Tahiti: Day 2

After a breakfast of a danish and mango juice, I finally drove without getting lost or taking a wrong turn. After getting to the geophysics lab, I took a more accurate elevation angle measurement ever fifteen degrees azimuthally. I focused on site 1 because we agreed that it had the best potential from yesterday. After plotting up what we had, I sent my findings to Jonathan to decide what actual coverage we'd get. After lunch, I typed up my blog about yesterday. I then drove back to the hotel to rest and get some dinner before returning to better characterize the darkness and evaluate the feasibility of using the location for the imager.

I went to get food after 6 and couldn't find anything new to eat except McDonalds. But it was not a disappointing visit; you know what they call a Quarter Pounder with Cheese in Tahiti? Royale with cheese. And it was delicious.

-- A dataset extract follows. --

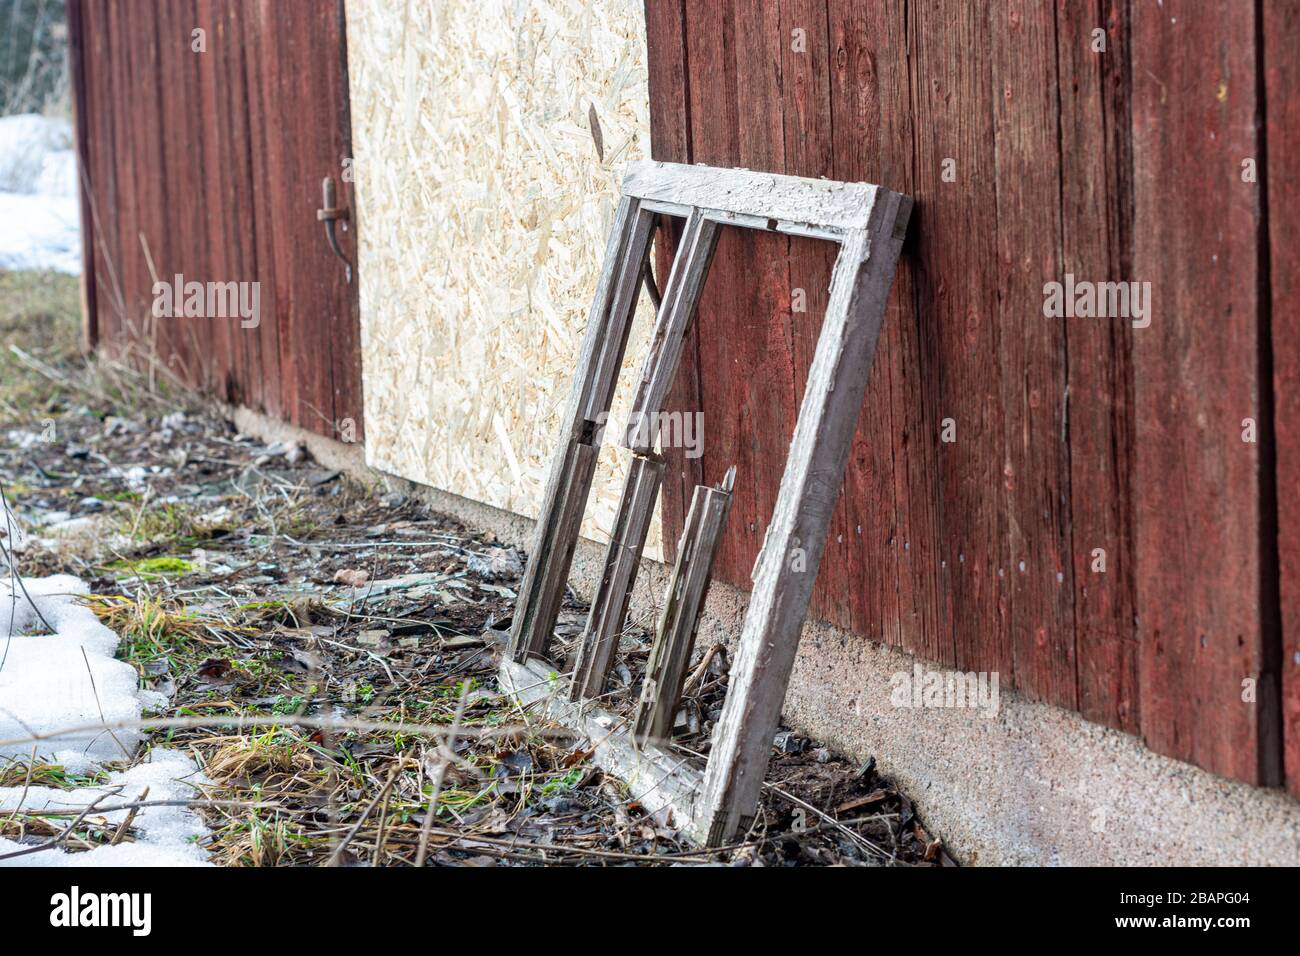 old wooden window frame near a wooden house Stock Photo

I drove back to the site where Dominique was waiting to let me into the lab. After my eyes acclimated to the darkness and the motion-sensor lighting turned off, I started recording my findings. The site was not as dark as it was yesterday as low foggy clouds had rolled in and enhanced the glow from the city below. Although disconcerting, I discussed this with Dominique who pointed out that when the clouds leave, it is extremely dark and the Milky Way is pronounced in the sky. This seemed reasonable considering yesterday had much higher clouds and it was extraordinarily dark. My concern shifted to other direct light sources. I first noted the air-filter system which glows red and illuminates the ground below. However, the antenna are between site 1 and this device, and it is below the field of view of the lens. Secondly there were some stray point sources from Moorea island and a window in a nearby house. These are stationary and not terribly bright so some tape could block out light from those directions. Thirdly, I needed to consider the airport. I saw two airplanes land at the airport during the night. Each had and extremely low elevation angle (less than 10 degrees) and passed mostly through trees as they headed from east to west to land. There is only one runway so I don't think that airplanes will be a problem for our system. The forth and final problem were cars. At 8PM, I counted 12 cars an hour. There were considerably fewer in the following hours. Above this site on a hill is a development which is about 50% completed now. The problem with the cars is that they change what they illuminate when they drive up/down the hill. Downhill cars have a much longer affect than the uphill cars. Still each illuminates various trees, fences, and roofs. Although the cars would be a problem, I was fairly certain that the site would be adequately dark for imaging. Pleased with my findings I headed to back to the hotel and to bed.